In statistics, a full factorial experiment is an experiment whose design consists of two or more factors, each with discrete possible values or “levels”, and whose experimental units take on all possible combinations of these levels across all such factors. A full factorial design may also be called a fully crossed design. Such an experiment allows the investigator to study the effect of each factor on the response variable, as well as the effects of interactions between factors on the response variable.
For the vast majority of factorial experiments, each factor has only two levels. For example, with two factors each taking two levels, a factorial experiment would have four treatment combinations in total, and is usually called a 2×2 factorial design. In such a design, the interaction between the variables is often the most important. This applies even to scenarios where a main effect and an interaction are present.

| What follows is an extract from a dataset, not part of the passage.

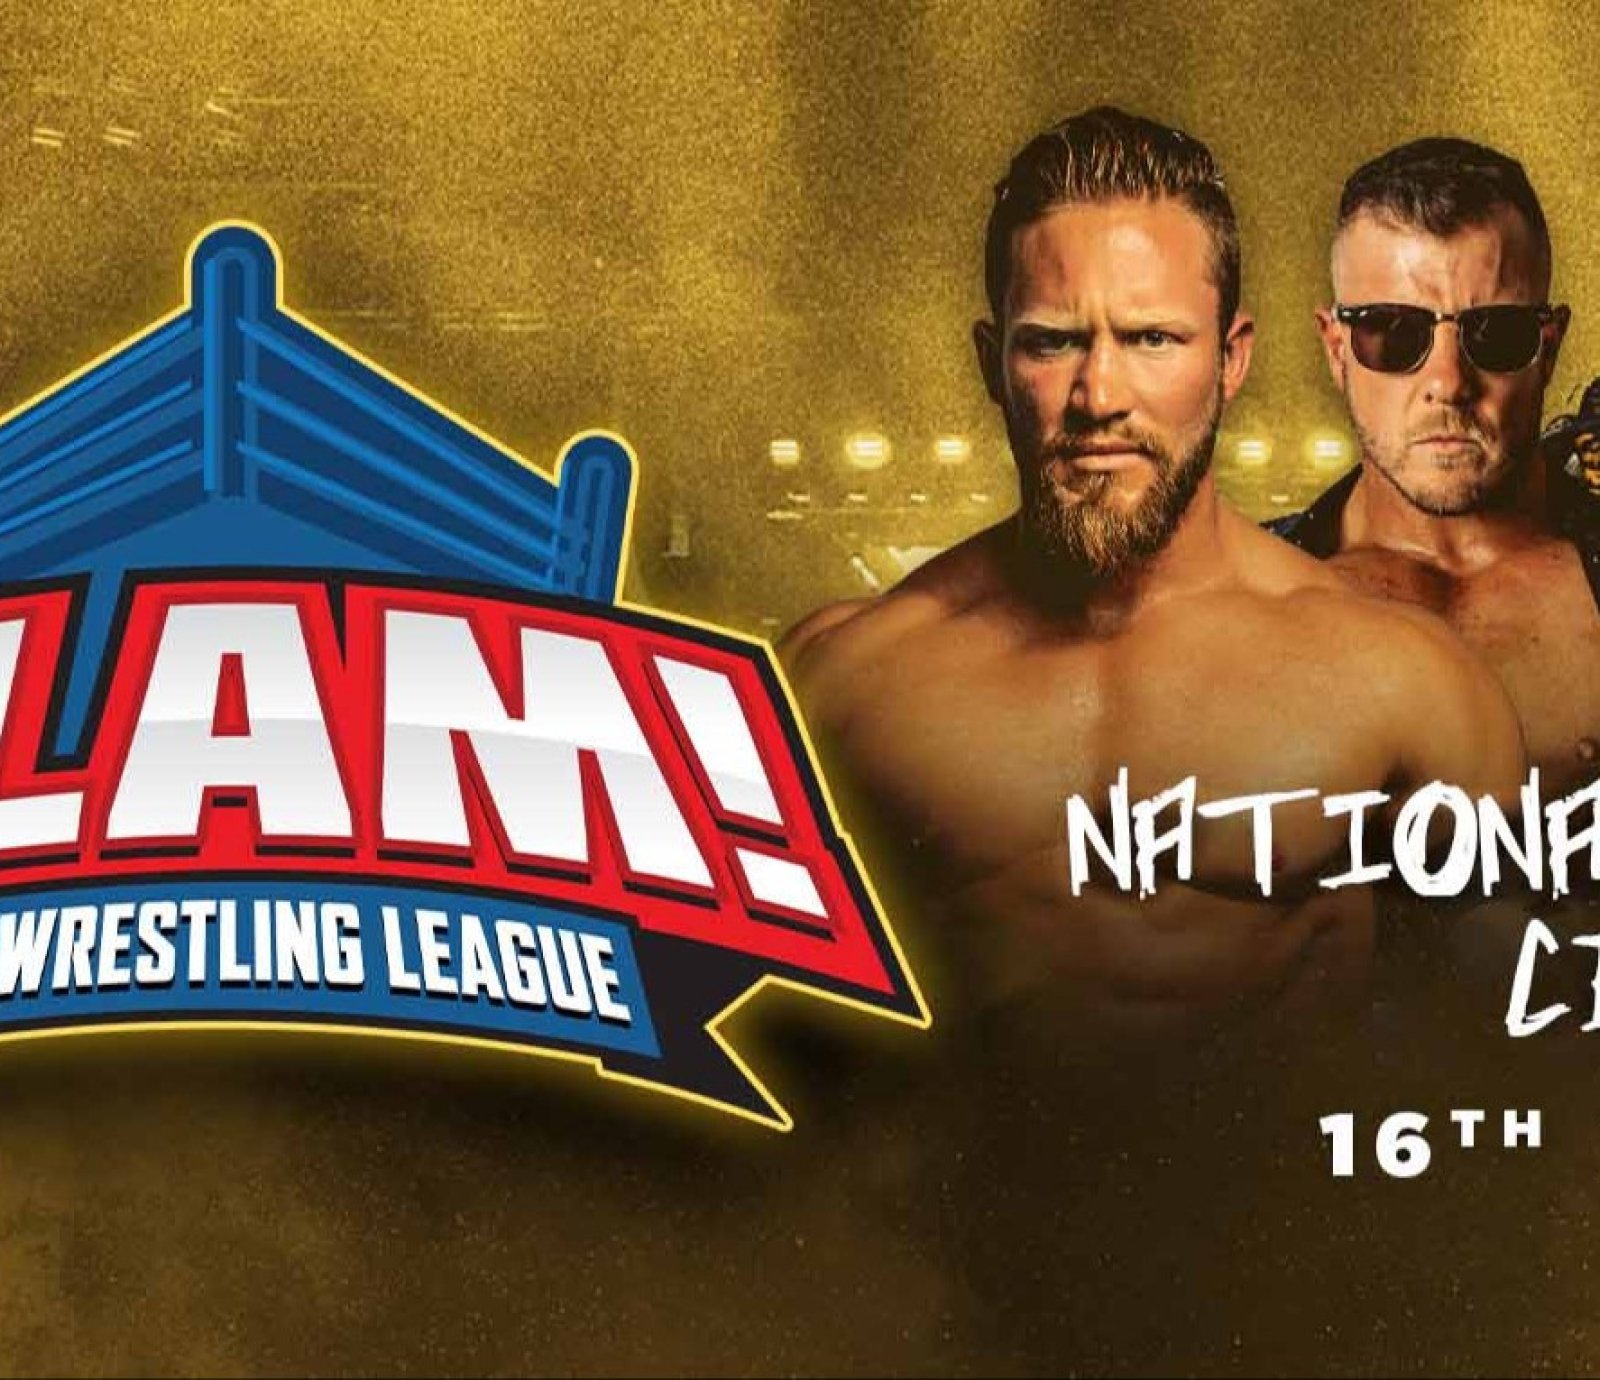 SLAM! Pro Wrestling League

If the number of combinations in a full factorial design is too high to be logistically feasible, a fractional factorial design may be done, in which some of the possible combinations (usually at least half) are omitted.
Other terms for “treatment combinations” are often used, such as runs (of an experiment), points (viewing the combinations as vertices of a graph, and cells (arising as intersections of rows and columns).
Confidence interval
percentage chance within which true value lies.
Example -
95% CI means - ranges within which there is a 95% chance that true value lies
similarly
95% CI around a difference are the range in which there is 95% chance that true difference lies.
Forest Plot
Forest plots are most commonly used in meta-analysis of many individual trials for data presentation. Separate trials are compared using it. Horizontal lines emerging from squares represent confidence intervals. Largest studies have narrow confidence intervals.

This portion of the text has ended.